Figure 6: The topology of the tetrahelical structure adopted by VK1.

The guanine bases are coloured in blue, adenine in red and cytosine in orange. Hydrogen bonds are shown as dotted lines. (a) The entire topology with a shown C₂ axis of symmetry. (b) NOE connectivities of G1-G3, G2-G2, G3-G1 and A4-G15 base pairs. (c) NOE connectivities between A4-G15, G5-C14, C6-G13 and G7-A12 base pairs. (d) NOE connectivities of G9-G11, G10-G10, G11-G9, G7-A12 base pairs and two A8 residues. The green arrows connect protons with a NOE cross-peak between non-sequential residues. The green asterisks highlight the G13 H1 and A8 H8 protons that exhibit intermolecular NOE cross-peaks. The black lines represent NOE cross-peaks between sequential residues. Intra-residue NOE connectivities and NOE cross-peaks between G-C and A-G base pairs are omitted for clarity.

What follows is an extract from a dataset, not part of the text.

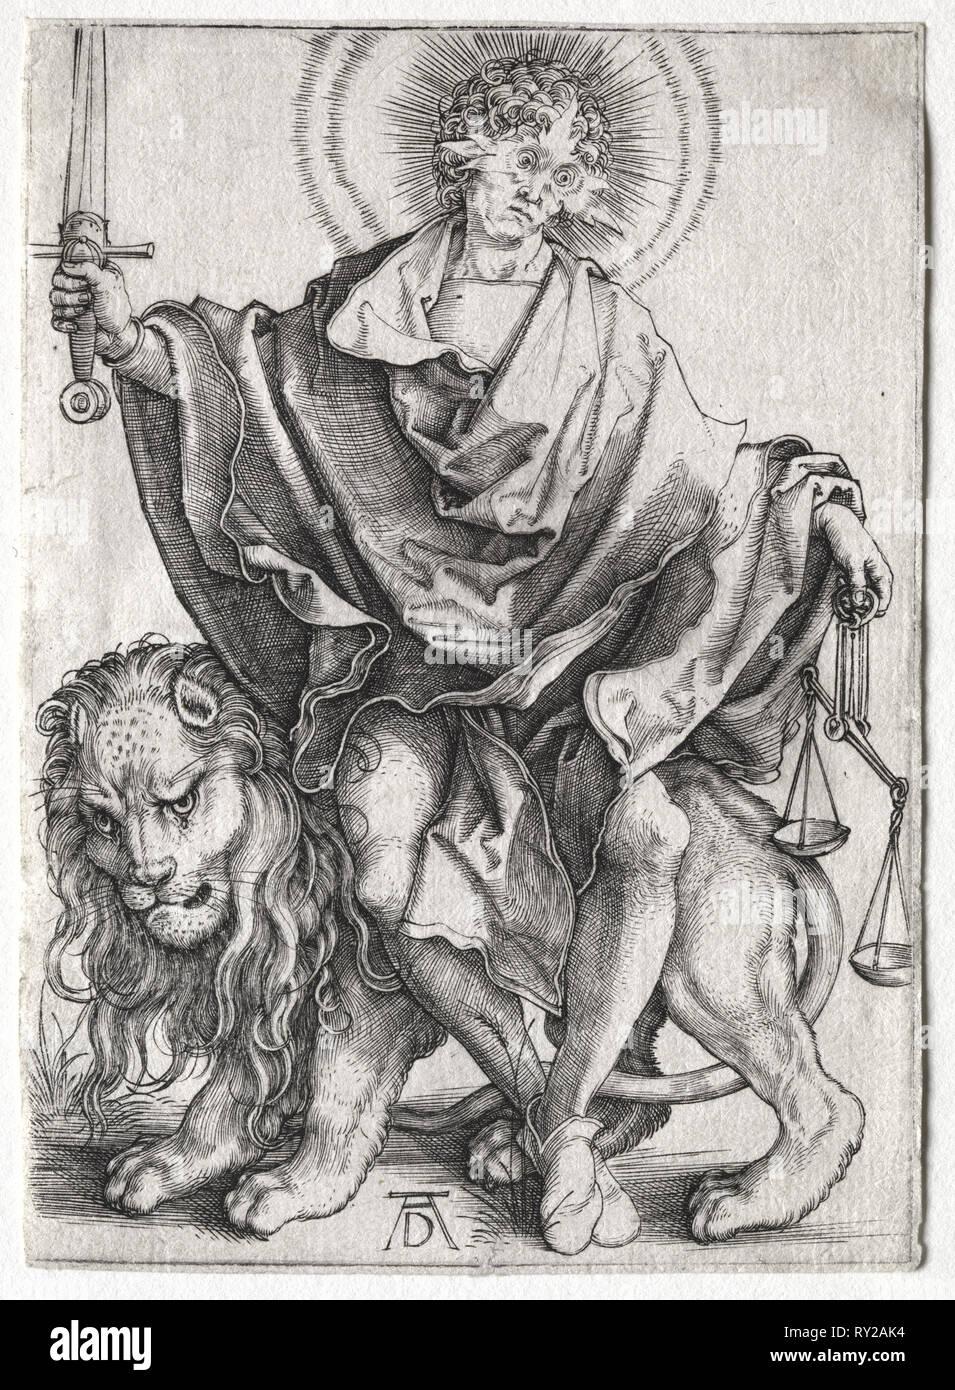 Son of Righteousness, c. 1500. Albrecht Dürer (German, 1471-1528). Engraving - Stock Image

The intermolecular NOE contacts gathered from the ¹⁵N-edited, ¹⁵N,¹³C-filtered NOESY spectrum together with NOE interactions from the ¹H–¹H NOESY spectrum enabled us to build a symmetric VK1 topology consistent with all inter- and intrastrand distances. In the VK1 topology, each of the four strands is surrounded by two neighbouring strands that are oriented in an antiparallel manner. The orientation of the four strands in the bimolecular topology is in full agreement with a C₂ axis of symmetry running through the core of the structure. G1-G3, G2-G2 and G3-G1 interstrand base pairs stabilize two loops each containing the 5′ ends of two VK1 molecules (Fig. 6b). The two loops in edgewise orientation place the two G3-G1 base pairs close to two A4-G15 base pairs. G3 residues exhibit NOE contacts with both G15 residues. Two sets of intermolecular A4-G15, G5-C14, C6-G13 and G7-A12 base pairs comprise the symmetric core of the structure, which is well defined by ample NOE cross-peaks (Fig. 6c). The imino–imino walk along H1 protons of G residues involved in G-A and G-C base pairs confirms the intermolecular nature of G15·A4, G5-C14, G13-C6 and G7-A12 base pairs and shows that the base pairs are involved in efficient stacking interactions.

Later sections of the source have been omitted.